Montimage ML-Solution. The ML-solution developed by Montimage leverages ensembles of ML models organized in a Bayesian Network Classifier (BNC) [120]. The intuition is that detection of CPA is only possible by monitoring the behaviour of each node in a NDN network—and, specifically, by analyzing and cross-correlating the evolution of different metrics for each node.

Such a goal is achieved by means of specific probes deployed on each node and monitoring its complete activity. In particular, each probe collect metrics related to the Data plane of NDN: CS, Pending Interest Table (PIT), Faces. The latter, in particular, are an abstraction of a communication channel that NDN uses for packet forwarding. Such abstraction represents data coming from diverse “faces,” i.e., overlay tunnels over TCP and UDP, delivery of NDN network layer packets (e.g., Interest, Data packets), inter-node communication channels that send packets to other nodes, and intra-node communication channels that send packets to another process on the same node.

The information captured by these probes is then analyzed by ensembles of micro-anomaly-detectors, each focusing on deviations from the normal behaviour of a single metric captured by each probe. It is true that CPA can impact many metrics and in different ways, raising hundreds of (likely) false alarms by each micro-detector. However, correlating all the alarms with a BNC allows us to (i) increase the detection performance while (ii) mitigating the high rate of false alarms generated by individual micro-detectors.

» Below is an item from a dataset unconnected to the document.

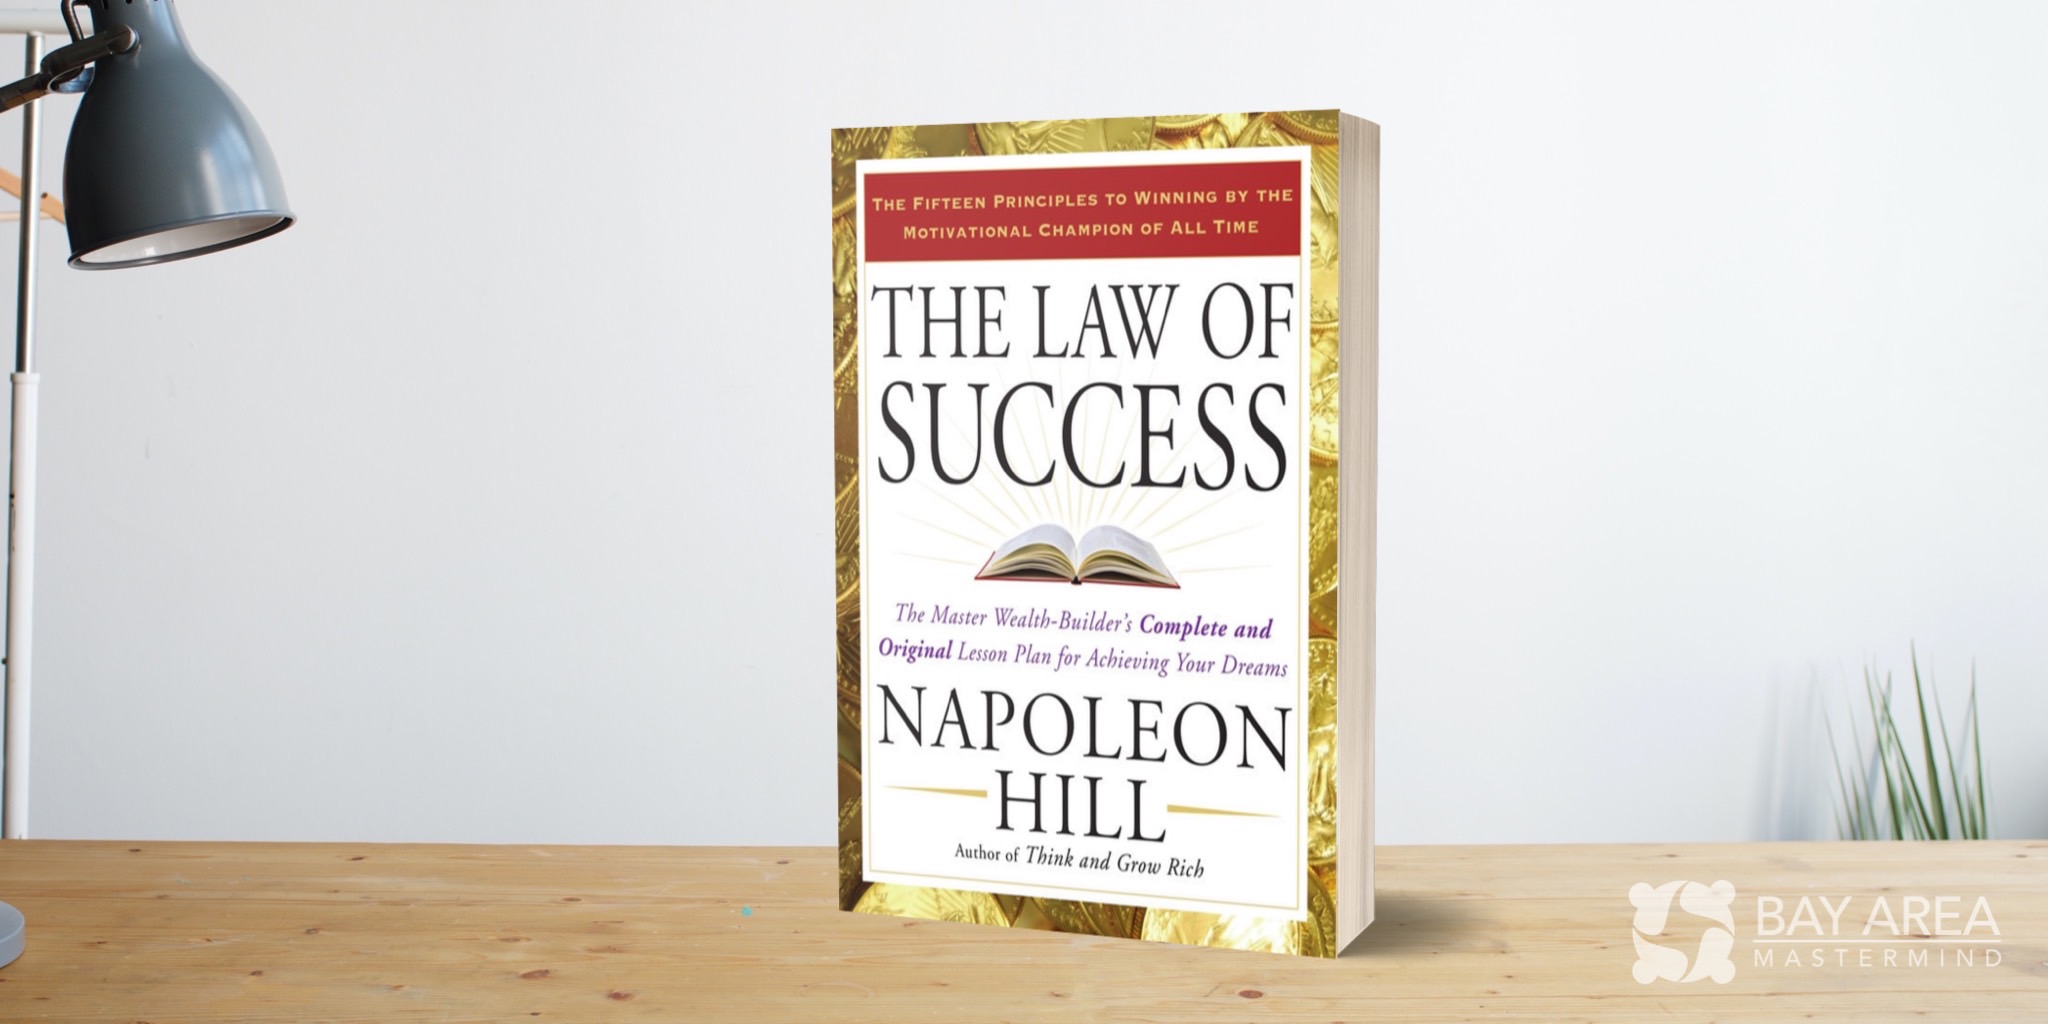 Napoleon Hill biography - interesting facts, achievements, career details

A schematic representation of the considered BNC is provided in Figure 12: the “anomaly” node (denoted in red) represents the anomalies that can occur in the entire NDN, whereas the remaining nodes represent the individual micro-detectors. Hence, each node focuses on a single metric, specifically Faces, CS, or PIT (denoted in green, purple, and blue in Figure 12). The (directed) edges in the BNC represent the causal relationships between the Anomaly node and a metric (or pairs of metrics). An edge connects the “causing” node to the “affected” node. The causal relationships are deduced based on the processing of each packet arriving to the NDN node.

Fig. 12.

Evaluation and Results. It is necessary to conduct a preliminary assessment of the learning efficency of the BNC before its deployment. This is because NDN generate a lot of traffic, and even though the BNC can “condense” the raised alarms it is still important that such alarms—and, specifically, false alarms—are within acceptable levels. To this purpose, Montimage first collects huge amounts of real data from the probes and then uses such data (assumed to be benign) to train (and test) a BNC. Specifically, multiple BNC are assessed, each considering a different training size: The goal is finding the optimal size that minimizes the rate of false alarms. The results of such an assessment are reported in Figure 13, showing the misclassification error (as measured via fivefold cross-validation) as a function of the training size. We observe that an optimal value is achieved when the training set contains \(\sim\) 280 samples.²⁶ For higher values, the error increases due to overfitting (this phenomenon confirms the misconception outlined in Section 5.2). Thus, for the considered deployment scenario, Montimage uses training sets of 280 samples—corresponding to 23 minutes of real reportings.

Fig. 13.

To evaluate the performance in production settings, Montimage reproduces the NDN topology in Reference [182] and creates two distinct environments, each adopting a specific NDN routing strategy: bestroute or multicast. Then, each environment is monitored for 10 minutes, and the attack is simulated in the last 5 minutes. Specifically, multiple CPA are launched, each considering increasing payloads, denoting the number of requests for content (i.e., Interests) per second; in our case, we consider payloads of 5, 10, 20, and 50 Interests per second. In comparison, legitimate clients produce 10 Interests per second (on average): Hence, the malicious traffic ranges from half to five times the legitimate traffic. The traffic generated during such simulations is collected and used to assess the quality of the BNC: The goal is to verify whether the BNC is capable of identifying the CPA, which occurs in the last 5 minutes.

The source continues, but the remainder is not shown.